At the end of the montages, a voice off-screen announces the vote ("McCain: Aye!" "Clinton: Aye!") while a graphic tracks the tally over a shot that gazes up inside the Capitol dome. Invariably, the highlight of these sequences is Robert Byrd, the long-serving, ex-segregationist Senator from West Virginia, whose attempted filibuster gives the movie its theatricality. Byrd is frail and ferocious, but he's convinced he's right. He's also an archival discovery.
Young is a real find. His injury inspires him to speak against the war at rallies across the country, including one in Crawford, Texas, beside Cindy Sheehan, who lost her son the same day Young was shot. He's sincere. He's witty ("Supporting President Bush is like a chicken voting for Colonel Sanders"). He's affable. And he's frequently exhausted, often having to interrupt a speech to slow down his spinning head or allow his fluctuating body temperature to settle down. Poignantly, the young soldier and the ancient senator seem to have corporeal diminishment in common.

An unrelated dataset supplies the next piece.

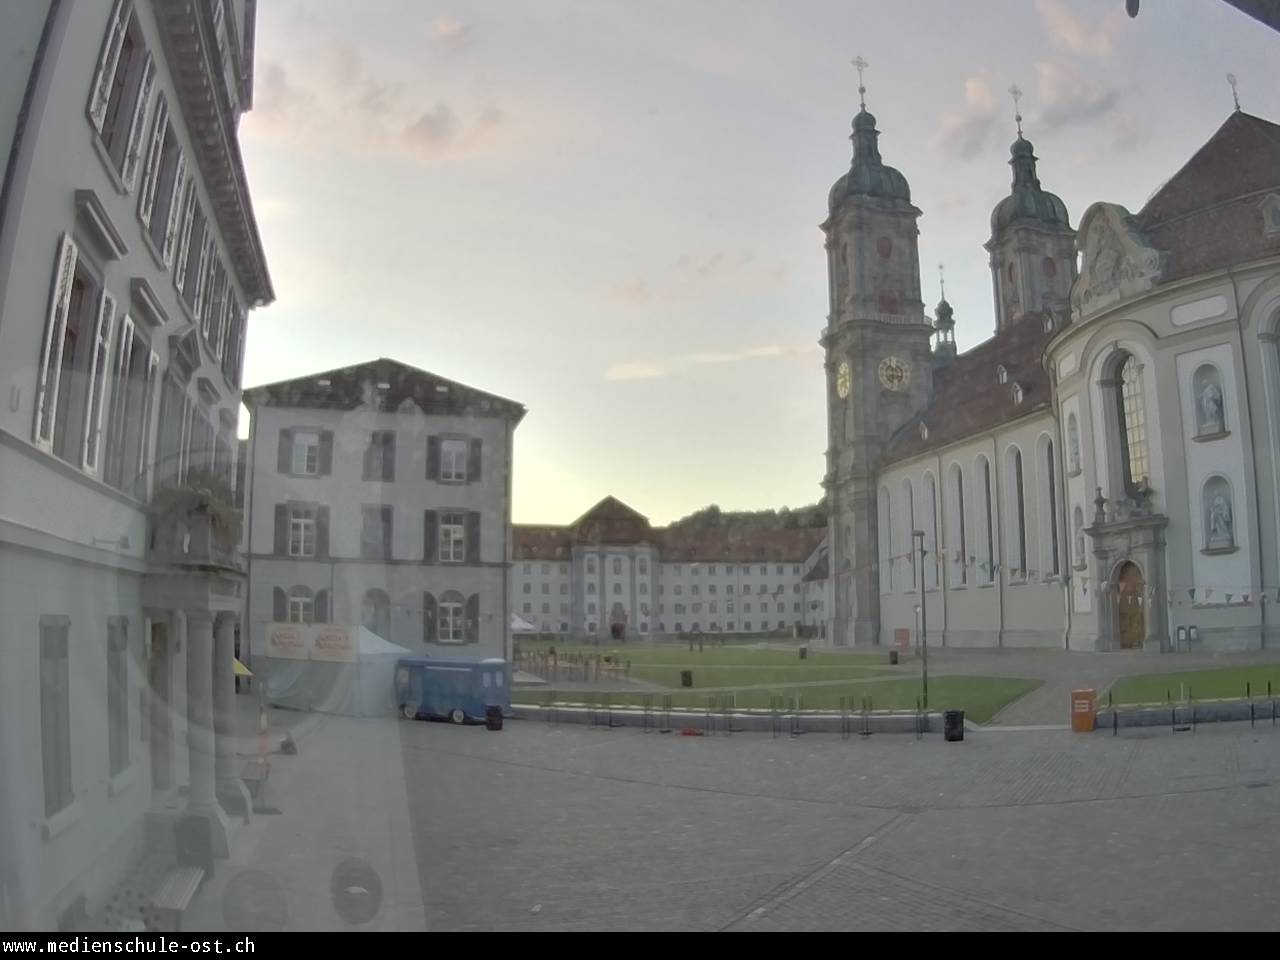 St. Gallen Tor. 05:46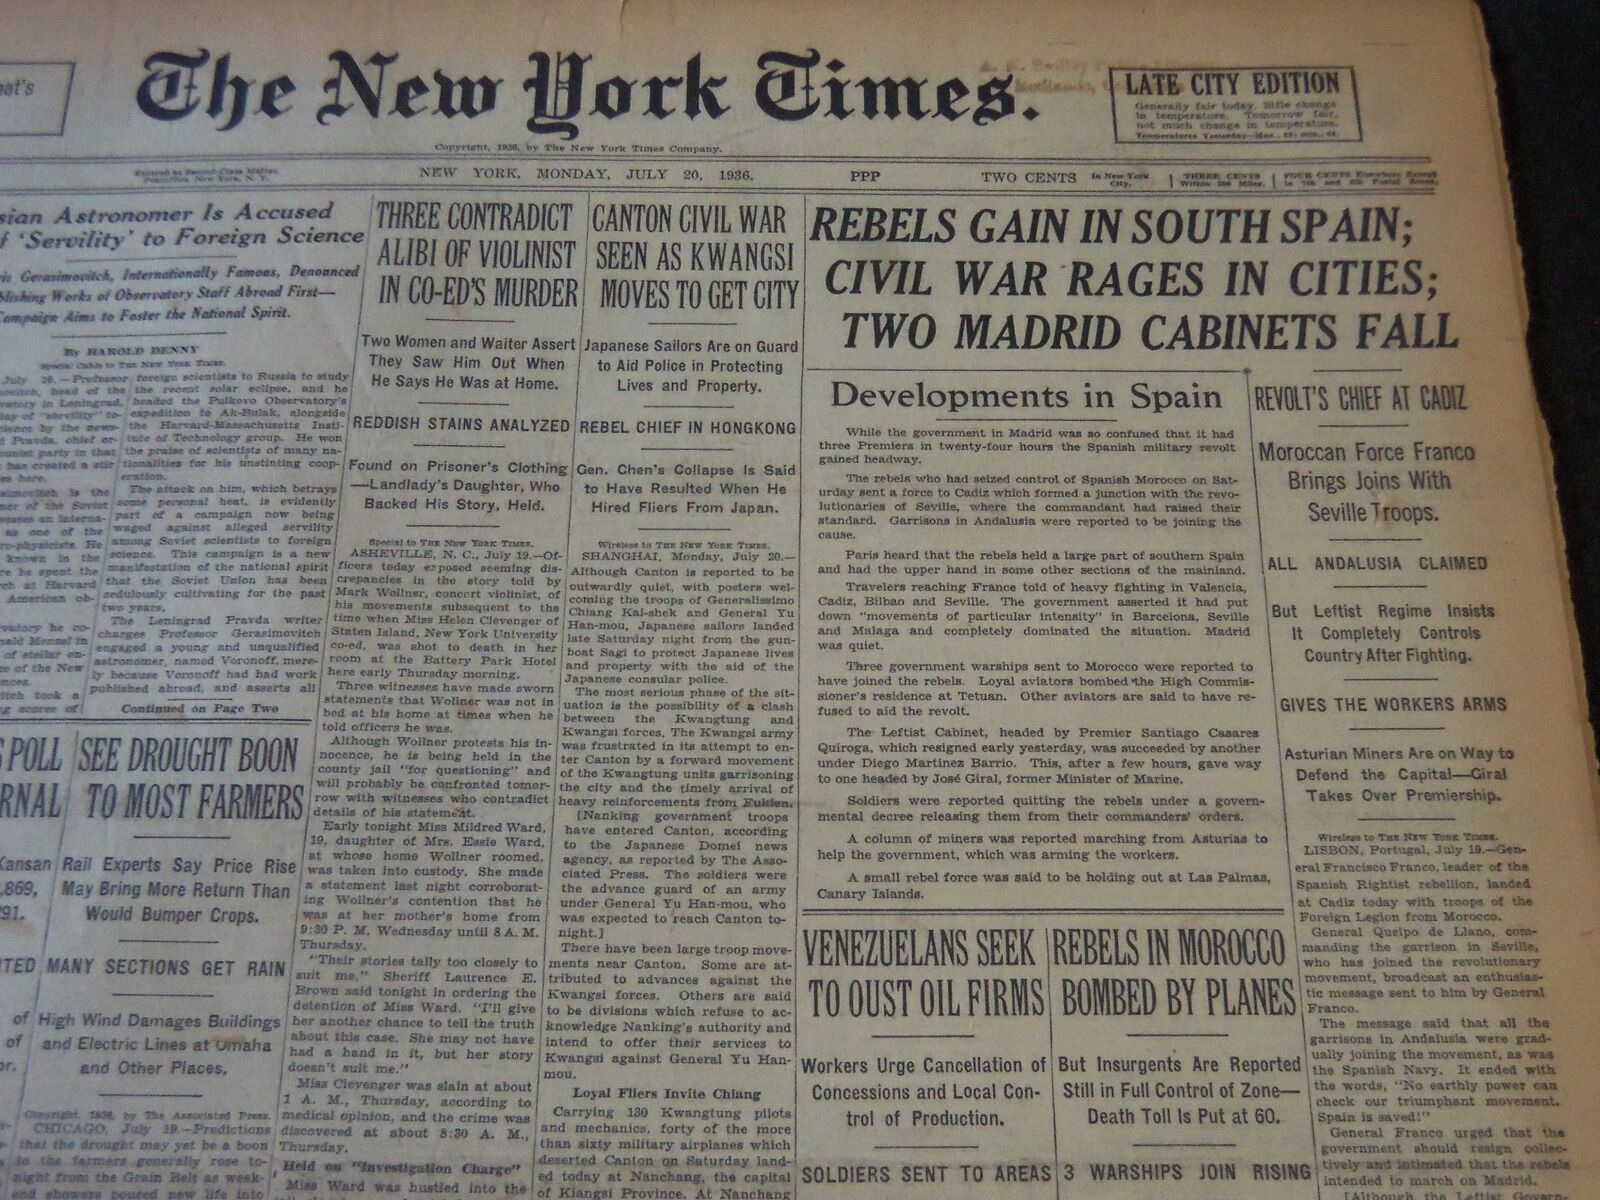 1936 JULY 20 NEW YORK TIMES - REBELS GAIN IN SOUTH SPAIN - NT 6722

With Young, the movie gets fascinatingly specific about what living with paralysis entails. For one thing, it means living without sex. Tomas and Brie seem resigned to his erectile woes, having tried many tricks in many books. And you can sense the inevitable fracture in their bond - not because of the lack of sex but because of how the intimacy has shifted from the carnal to the custodial. But neither of them really ever complains.